But I would suggest that the user should still have the option to enable and disable filtering the soft hyphen (U+00AD) via the Browse Mode NVDA Settings. As a web developer you should have the opportunity to check the correct position of soft hyphens in all web browsers. But normally there isn't any useful benefit for screen reader users regarding this character. And sadly based on the responsive web design this character is often more used. And reading a news article, which contains "hundreds" of them, via speech and/or braille is extremely annoying.
CC: @michaelDCurran, @jcsteh and @MarcoZehe
One more question: What shall we do with the new HTML5 tag <wbr>
? Any thoughts?
@DrSooom One more question: What shall we do with the new HTML5 tag
<wbr>
? Any thoughts?
Since its purpose is to affect how a line of text is displayed, I'd vote for it to be generally ignored as well. And, as you suggest, there would have to be an option to read all punctuation and special characters verbatim for development and quality assurance purposes.
A practical example where this is a huge problem is the CTAN repository for latex packages - for example, the page for the Amsmath package
Sadly, no change.

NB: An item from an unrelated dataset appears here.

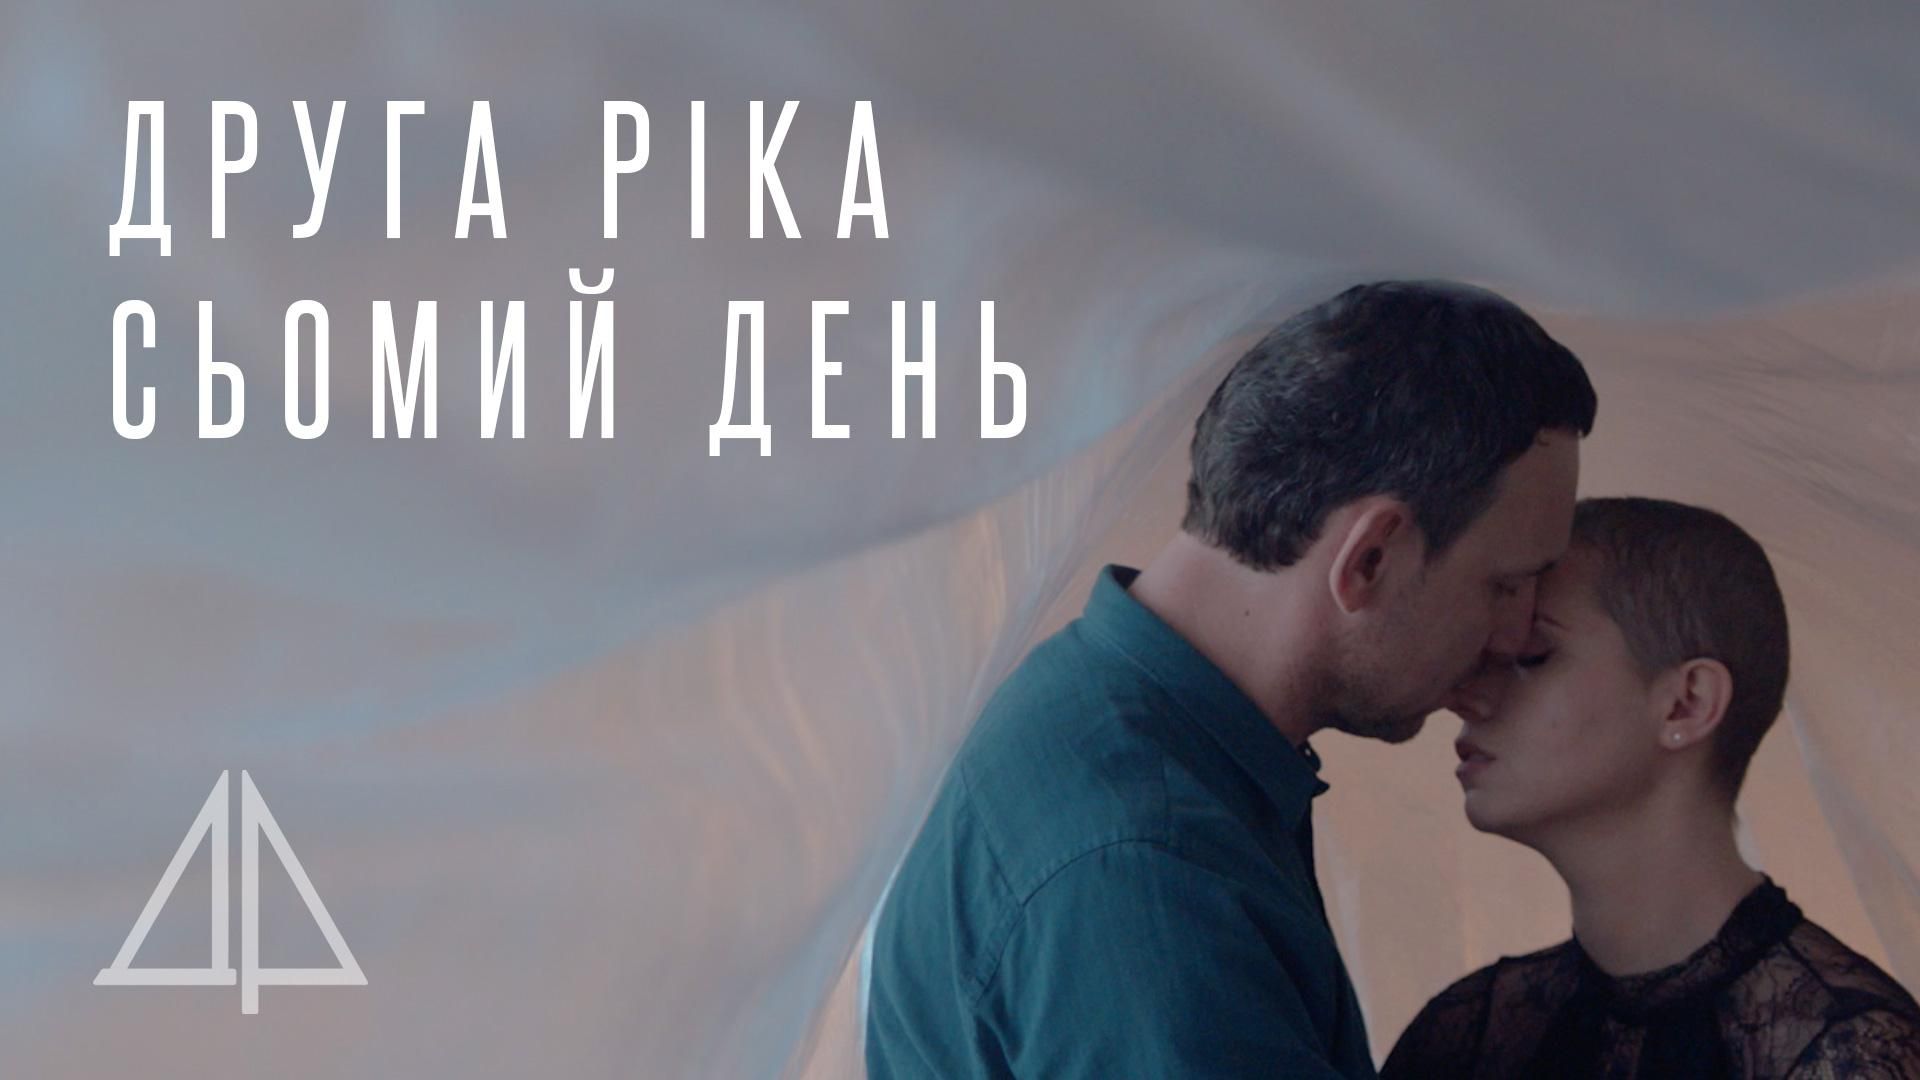 Янина Соколова и "Друга Ріка" представили клип "Сьомий день", посвященный онкобольным людям

On Windows 10 (enterprise 64 bit), Firefox 79, NVDA 2020.2 still chops up words containing soft hyphens. (And neither CSS nor Browsers have provided us with a reliable, universal alternative to soft hyphens yet.)
For the most part, hyphenation is unfortunately needed to meet the WCAG reflow requirements. Without it, long words will simply either flow out of visible areas, overlap each other or - ironically - will also be visually chopped up without any sign of continuation, since the hyphens are missing.
So the current state is this: Either we make it hard to understand for our blind visitors or for our seeing ones. And because I cannot find a suitable WCAG requirement for, so to speak, "avoiding hyphenation", with a heavy heart I still must recomment sticking to the thirty year old unicode control character. I hope widespread support for these typography tools will be available soon, so all users can have a great experience.
Switching the soft hyphen to be passed to the synthesiser (in Punctuation/symbol pronunciation...) fixes the issue, at least with eSpeak. I'll look into how it goes with other synths and see if I can change that to be the default and make a PR.
Shouldn't have been so hasty. While eSpeak handles soft hyphens correctly, none of the other synths I have installed (SAPI5, One Core, Eloquence and Vocalizer) do. While handling them correctly probably should be up to the synthesiser, just switching them to be passed directly to the synth is not a very satisfactory solution. I'm not sure that having a setting to strip them is particularly satisfactory either. As a temporary work around, a speech dictionary entry that replaces them with the empty string seems to work (suggested by Ralf Kefferpuetz on the mailing list).
See also: https://github.com/nvaccess/nvda/issues/10634#issuecomment-566758080
I guess to fix this properly, we need an additional behavior in the speech symbol processor that simply discards the symbol as it wasn't there.
@leonardder: Please don't overlook the braille output, as ⠁⠏⠏⠇⠊⠉⠁⠞⠊⠕⠝ is also easier to read instead of ⠁⠏⠏⢤⠇⠊⢤⠉⠁⢤⠞⠊⠕⠝ (⢤ = SHY in German 8-dot), but both are needed depending on the situation (e.g. dictionaries, word processing, web/app development). I already pointed this out in my above linked comment.
I think handling soft hyphens primarily should be a task of the braille table. In the Dutch 8 dot table for example, we ignore it completely.
In the Dutch 8 dot table for example, we ignore it completely.
This is imho highly unwanted for the reasons I mentioned above because you cannot check a correct position of the SHY character if you cannot use TTS at the same time. And TTS will here also work only correct if you navigate character by character which is time consuming. Thus not really comfortable.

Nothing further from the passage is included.